With respect to the second prong of Rauser, as Plaintiff has continued to file numerous lawsuits, motions, petitions, and appeals in federal court, the record and Plaintiff's litigation history do not support a finding that the alleged retaliatory actions deterred Brown from exercising his constitutionally protected conduct.
Finally in regard to the third prong of Rauser, the mere fact that an adverse action occurs after either a complaint or grievance is filed is relevant, but not dispositive, for the purpose of establishing a causal link between the two events. See Lape v. Pennsylvania, 157 Fed. Appx. 491, 498 (3d Cir. 2005). In the present case, Plaintiff has not presented any credible evidence to support a reasonable inference that his initiation of lawsuits and grievances was a substantial or motivating factor underlying the purported subsequent actions taken by Defendants. As previously noted by this Court, the majority of the actions filed by Plaintiff since his arrival at USP-Lewisburg were dismissed upon initial screening and as such were never even served on any USP-Lewisburg officials. Second, with respect to the events of January 3, 2010, Plaintiff's contention that his cell mate was an undercover federal agent assigned to subject him to retaliation is simply preposterous. Moreover, it is undisputed that the conduct of correctional staff on that date was an effort to cease an ongoing assault on the Plaintiff.
Only where the facts of a particular case are "unusually suggestive" of a retaliatory motive will temporal proximity, standing alone, support an inference of causation. Krouse v. American Sterlizer Co., 126 F.3d 494, 503 (3d Cir. 1997).

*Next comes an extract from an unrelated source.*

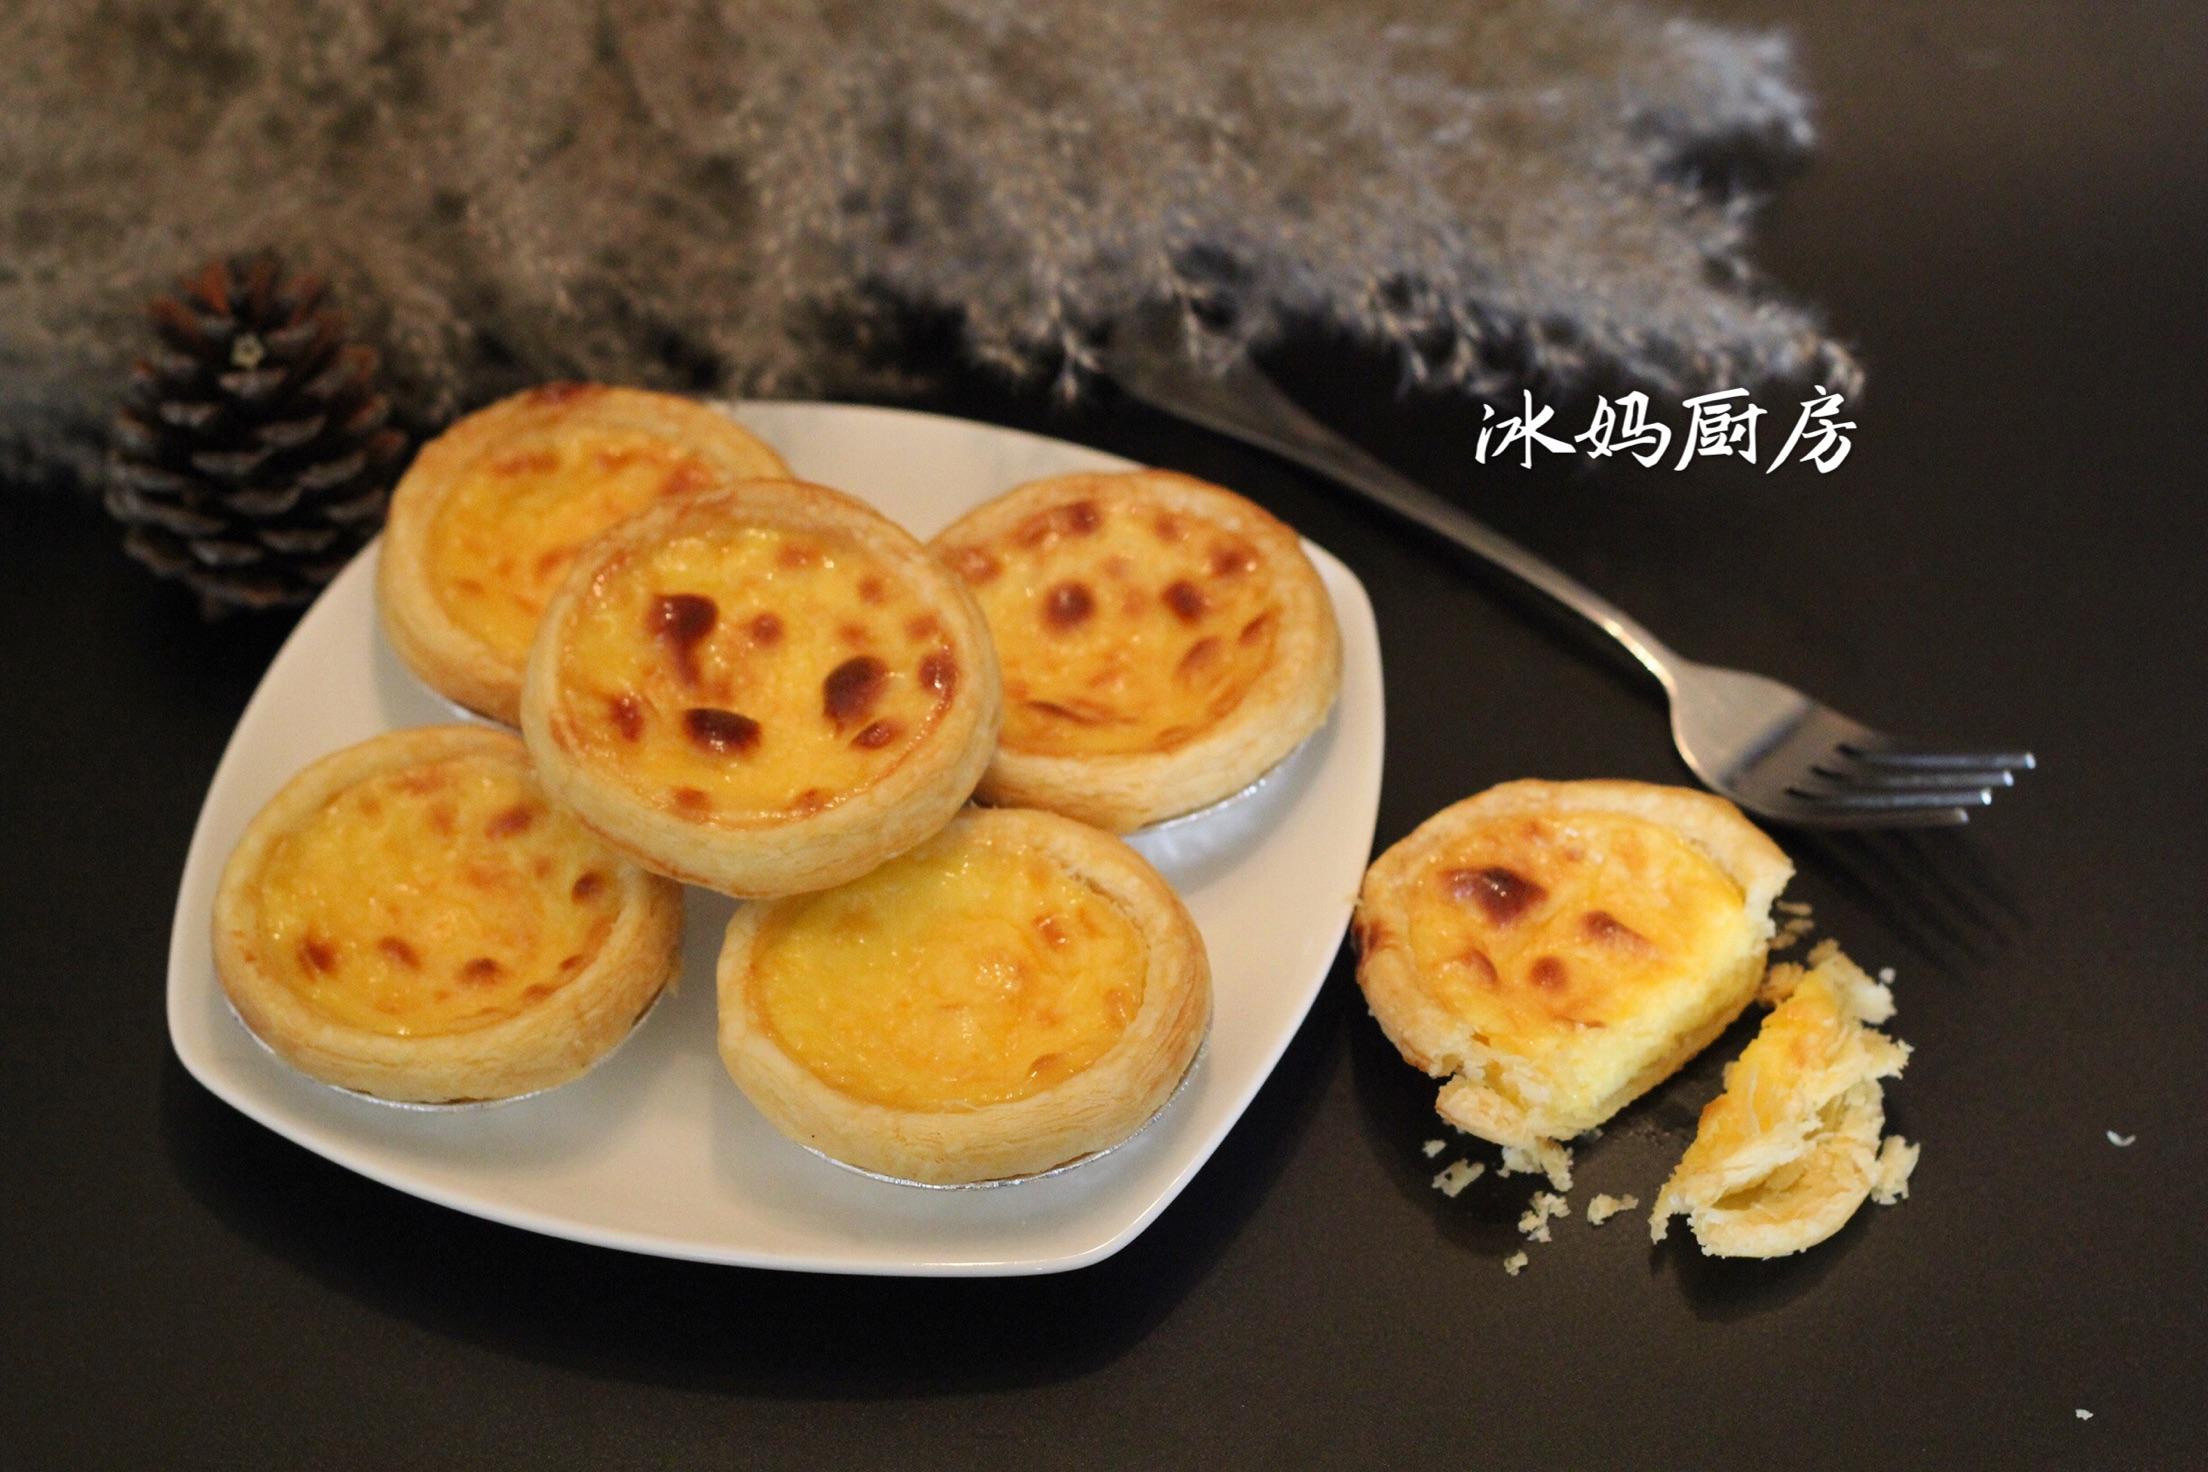 蛋挞的做法步骤        本菜谱的做法由  编写,未经授权不得转载

With respect to the additional incidents cited by Brown, he admits that he has mental health issues and has had multiple confrontations with both correctional staff and other prisoners resulting from his belief that he is being placed into cells with inmate assassins working on behalf of the federal government, situations which have ended at times with his placement in ambulatory restraints. Based upon Plaintiff's own descriptions of the underlying purported retaliatory events and recognizing that when analyzing a retaliation claim it must be recognized that the task of prison administrators and staff is difficult, and the decisions of prison officials require deference, particularly when dealing with volatile situations concerning prison security, Brown has not presented any rational evidence to support a reasonable inference that his initiation of lawsuits and grievances was a substantial or motivating factor underlying the actions taken by Defendants.
This is simply not a case where the facts are unusually suggestive of a retaliatory motive as contemplated in Krouse. Rather, the Plaintiff's speculative, at times delusional, assertions sadly demonstrate the problems associated with the incarceration of inmates with obvious mental health issues.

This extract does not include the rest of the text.